By utilizing iTerm2 system notifications, Cherny effectively manages five simultaneous work streams. While one agent runs a test suite, another refactors a legacy module, and a third drafts documentation. He also runs “5-10 Claudes on claude.ai” in his browser, using a “teleport” command to hand off sessions between the web and his local machine.

This validates the “do more with less” strategy articulated by Anthropic President Daniela Amodei earlier this week. While competitors like OpenAI pursue trillion-dollar infrastructure build-outs, Anthropic is proving that superior orchestration of existing models can yield exponential productivity gains.

The shift is profound: instead of being a single point of execution, the developer becomes a strategic commander allocating resources across multiple simultaneous operations. It’s not about typing faster—it’s about thinking broader.

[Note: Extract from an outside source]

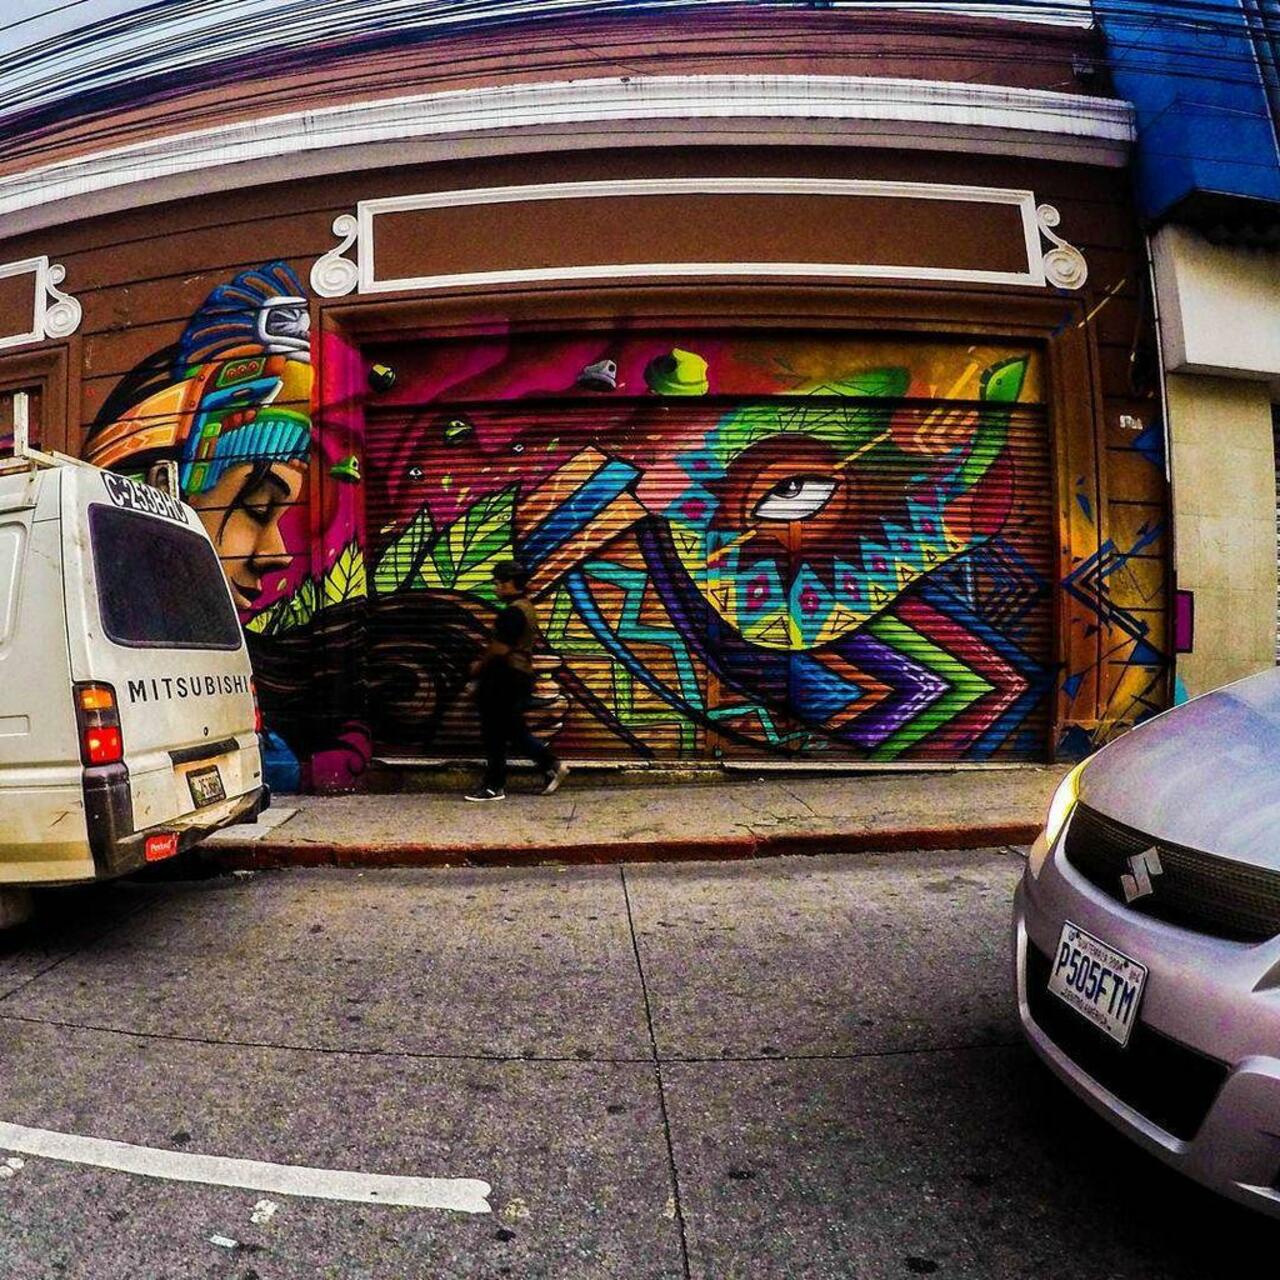 RT @BenWest: RT @IndieUndrground: via #pablovelasquez_l “http://ift.tt/1YI5wpr” #graffiti #streetart http://t.co/nZRPR7pjBG

The Counterintuitive Case for the Slowest, Smartest Model

In a surprising move for an industry obsessed with latency, Cherny revealed that he exclusively uses Anthropic’s heaviest, slowest model: Opus 4.5.

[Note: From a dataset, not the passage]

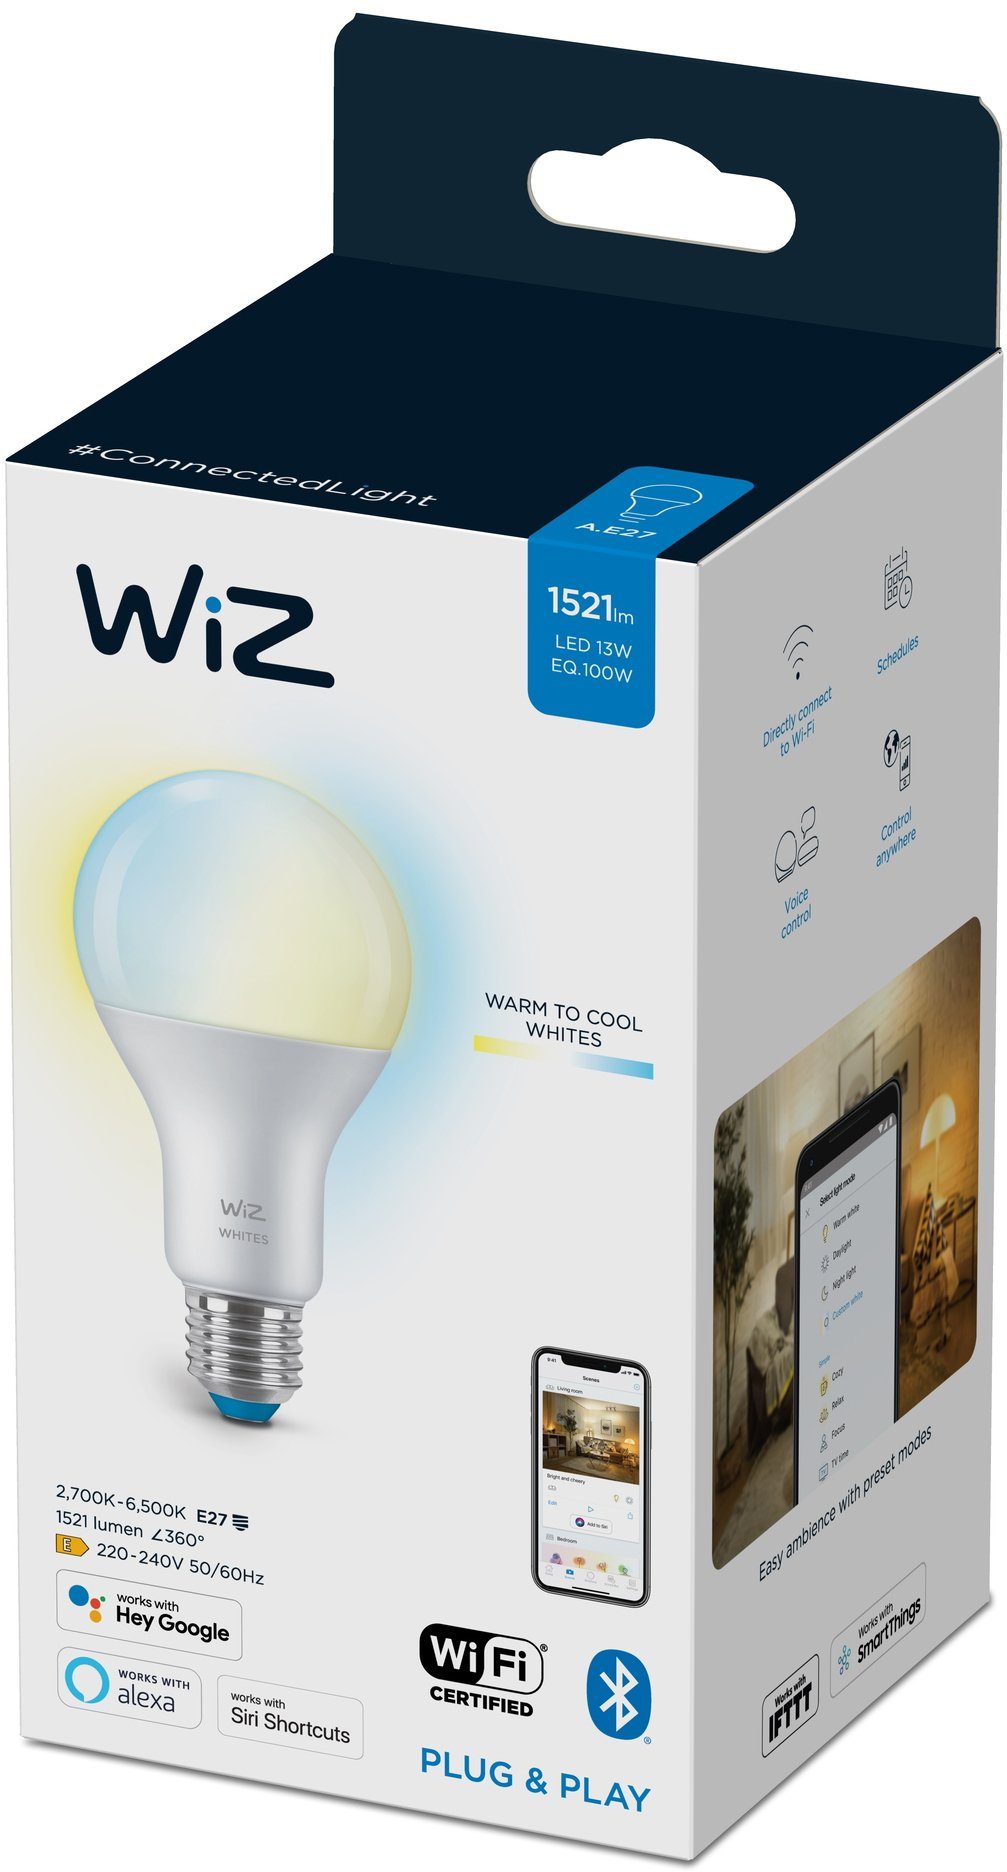 WiZ LED-Leuchtmittel White 100W E27 Standardform Tunable matt Einzelpack, E27, 1 St., Warmweiß, Kreieren Sie mit Wiz Tunable White LED Lampen smarte Beleuchtung

“I use Opus 4.5 with thinking for everything,” Cherny explained. “It’s the best coding model I’ve ever used, and even though it’s bigger & slower than Sonnet, since you have to steer it less and it’s better at tool use, it is almost always faster than using a smaller model in the end.”

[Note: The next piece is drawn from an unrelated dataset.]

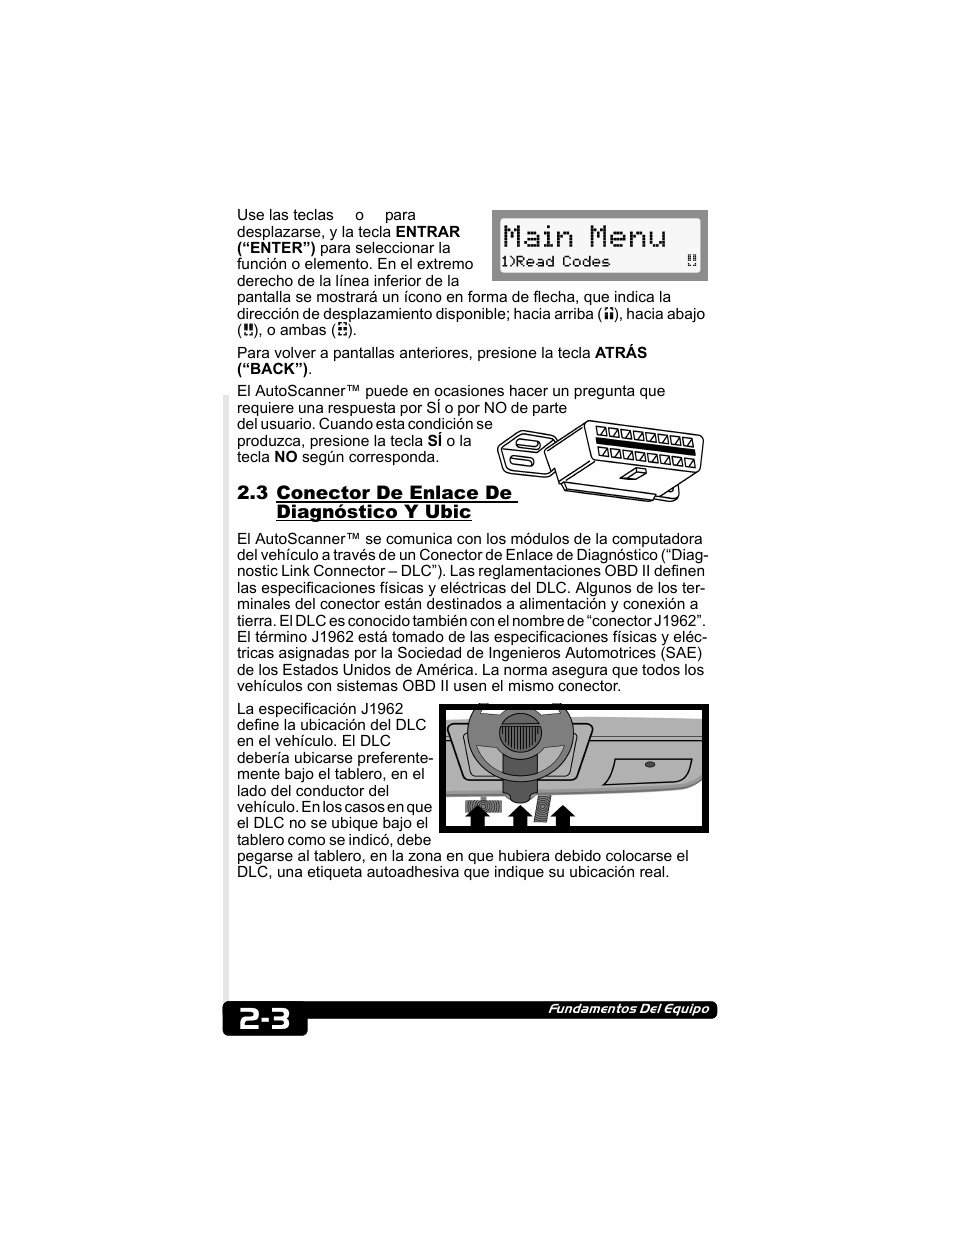 ACTRON CP9135 MANUAL PDF

For enterprise technology leaders, this is a critical insight. The bottleneck in modern AI development isn’t the generation speed of the token; it’s the human time spent correcting the AI’s mistakes. Cherny’s workflow suggests that paying the “compute tax” for a smarter model upfront eliminates the “correction tax” later.

This represents a fundamental shift in how we evaluate AI performance. The traditional metric of tokens per second becomes less relevant when you’re measuring developer throughput. A slower model that requires less supervision and produces better results can actually accelerate the entire development pipeline.

The Self-Correcting Codebase: Turning Mistakes into Institutional Memory

Cherny also detailed how his team solves the problem of AI amnesia. Standard large language models don’t “remember” a company’s specific coding style or architectural decisions from one session to the next.

To address this, Cherny’s team maintains a single file named CLAUDE.md in their git repository. “Anytime we see Claude do something incorrectly we add it to the CLAUDE.md, so Claude knows not to do it next time,” he wrote.

This practice transforms the codebase into a self-correcting organism. When a human developer reviews a pull request and spots an error, they don’t just fix the code; they tag the AI to update its own instructions. “Every mistake becomes a rule,” noted Aakash Gupta, a product leader analyzing the thread. The longer the team works together, the smarter the agent becomes.

The implications are profound: instead of institutional knowledge being trapped in the heads of senior engineers or buried in documentation that no one reads, it becomes codified in a format that the AI itself can learn from. The codebase evolves not just through human commits but through AI instruction refinement.

Automation at Scale: Slash Commands and Specialized Subagents

The “vanilla” workflow one observer praised is powered by rigorous automation of repetitive tasks. Cherny uses slash commands—custom shortcuts checked into the project’s repository—to handle complex operations with a single keystroke.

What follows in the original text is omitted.